Waterfront Dining in Bridgeport, CT

If you just know Bridgeport, Connecticut, from the smokestacks you see from I-95, I have two tips for you while warm weather still invites outdoor waterfront dining.

Captain’s Cove

A cross between a huge seafood shack and a fabulous independent boutique shopping destination, Captain’s Cove is tucked away in an industrial area that you’d never find if you weren’t looking for it.

Believe your GPS when it takes you past warehouses, auto shops, and empty lots locked up behind chain link fences. Pull into the parking lot and walk past colorful wooden shacks where local artists and businesses sell jewelry, candy, clothing, and other handcrafted items you probably didn’t know you needed.

Past the boutiques, there’s a large waterfront indoor-outdoor dining establishment. Go inside and grab a seat, or place your order for pick up and plop yourself down at an outside table that’s first-come, first served. We bought ourselves drinks at the bar but a waitress came around after a time and was happy to be the conduit between the bar and our table.The crowd was a real mix of ages and the food was as expected – well-executed deep-fried seafood, burgers, and fries, at decent prices.

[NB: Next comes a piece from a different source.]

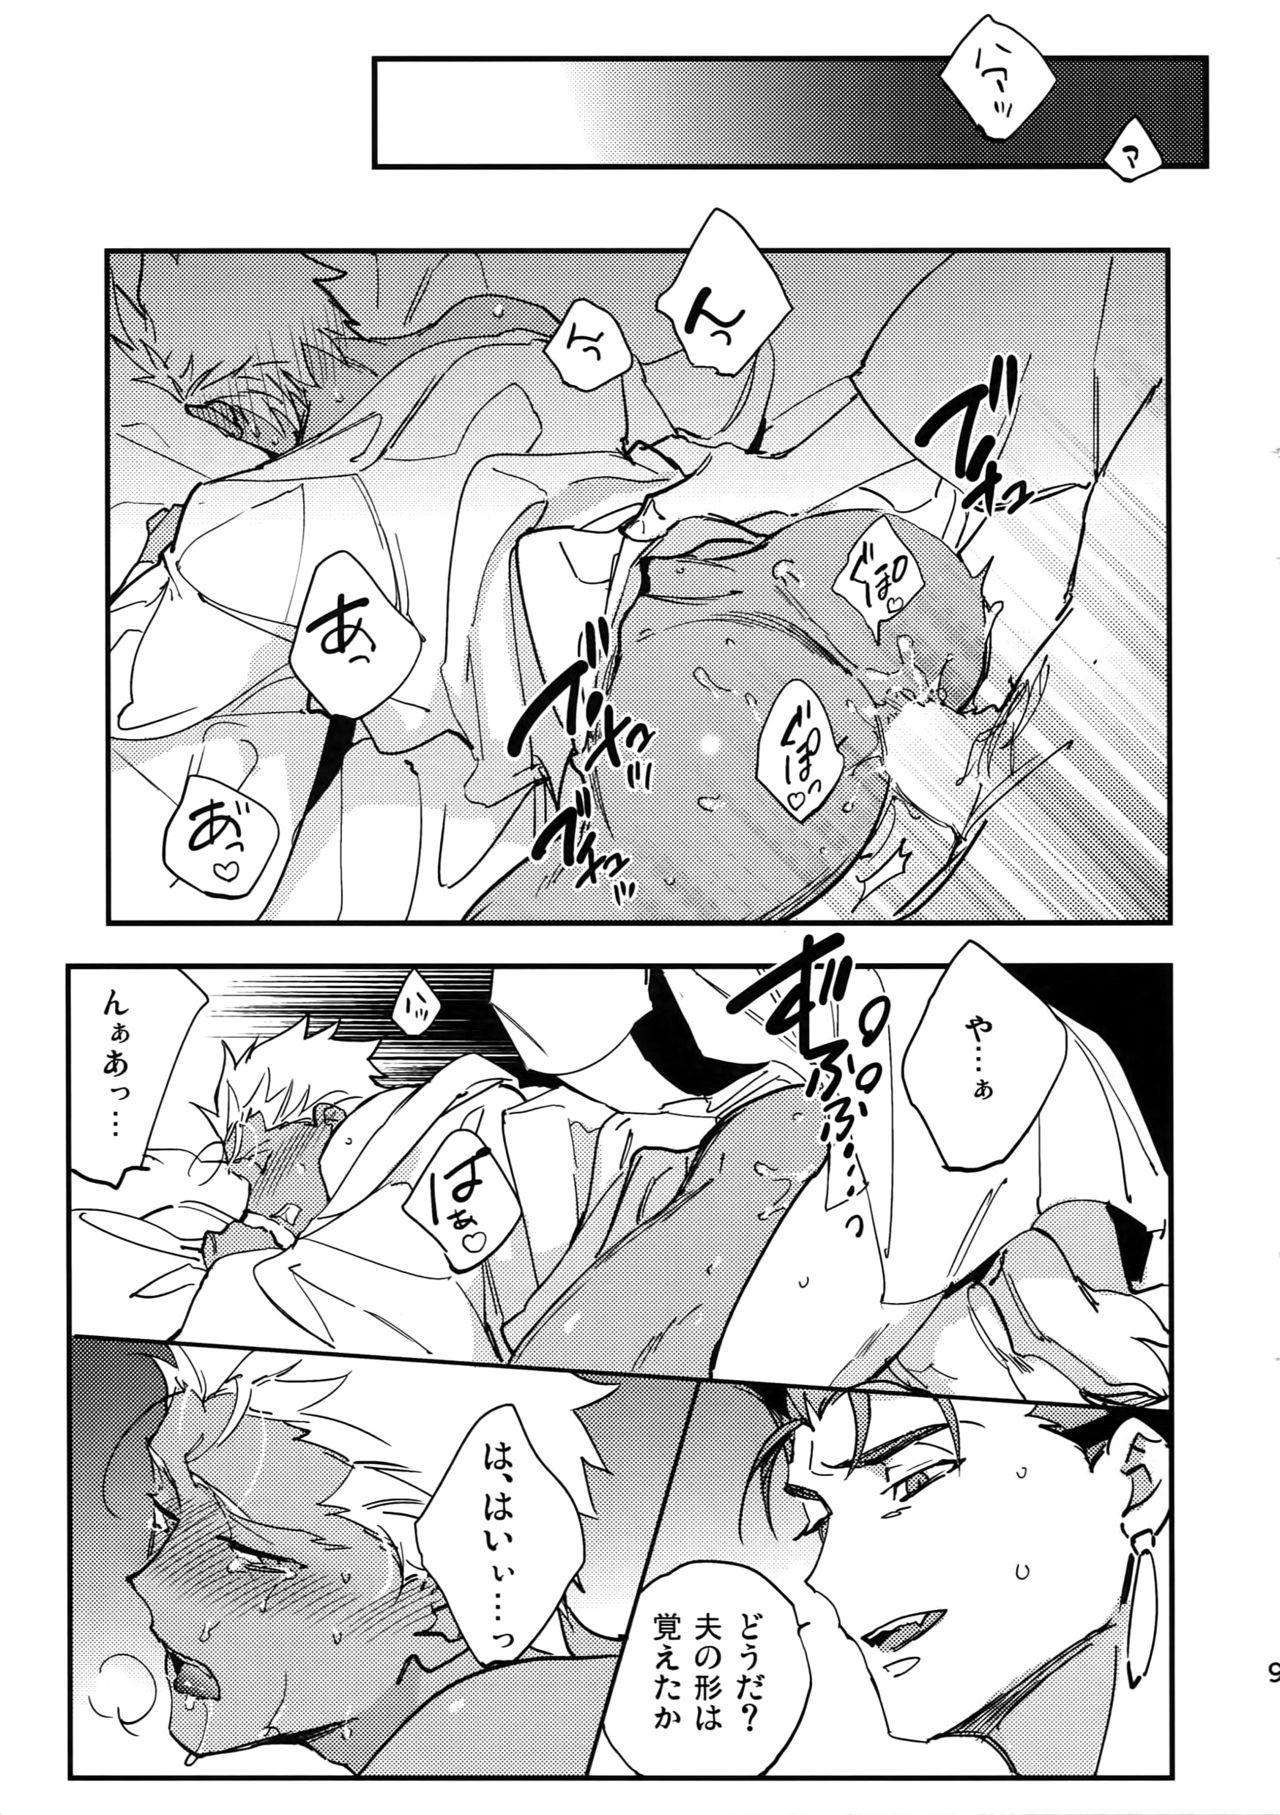 Para Nie no Hanayome - Fate grand order Bang Bros - Page 9

This spot is related to my book Secret Connecticut in that housed here is the replica of Gustave Whitehead’s plane that he flew two years before the Wright Brothers claimed the first flight. It’s in a covered warehouse that’s marked but the plane is not visible.

Boca Oyster Bar

I’m a sucker for a dozen oysters overlooking the water at least near where they were harvested. Opened in 2019, Boca Oyster Bar does not disappoint in that regard.

In sight of the Bridgeport-Port Jefferson Ferry Terminal, Boca is another Bridgeport waterfront establishment that does not make itself readily visible. It would help if you knew you were looking for a large brick mixed-use building at the end of an even larger parking lot.

Walk in and the views open to well-spaced tables inside with glass walls, and outside on the patio with views of the harbor, a marina, the ferry terminal, and the highway in the distance.

The Bluepoint oysters from Long Island Sound were fresh, swimming in liquor, and served with a delightful, light mignonette. I added their clam chowder to my list of favorites due to its thick but not floury texture, chunks of potatoes and clams, and layered flavors. I usually prefer chowders with bacon but this one was able to achieve flavor robustness without bacon. The fish tacos were tasty but I would not recommend the lobster roll. It was bland, all around boring, and completely unmemorable as was the lobster Cobb salad.

Boca is definitely more upscale than Captain’s Cove; I saw more office workers here versus families at the Cove. A tip: Arrive early. We didn’t have reservation but arrived at 11:45am for lunch and got a fantastic table. The restaurant filled up by around 12:30. Boca is a part of the Steelpointe Harbor development.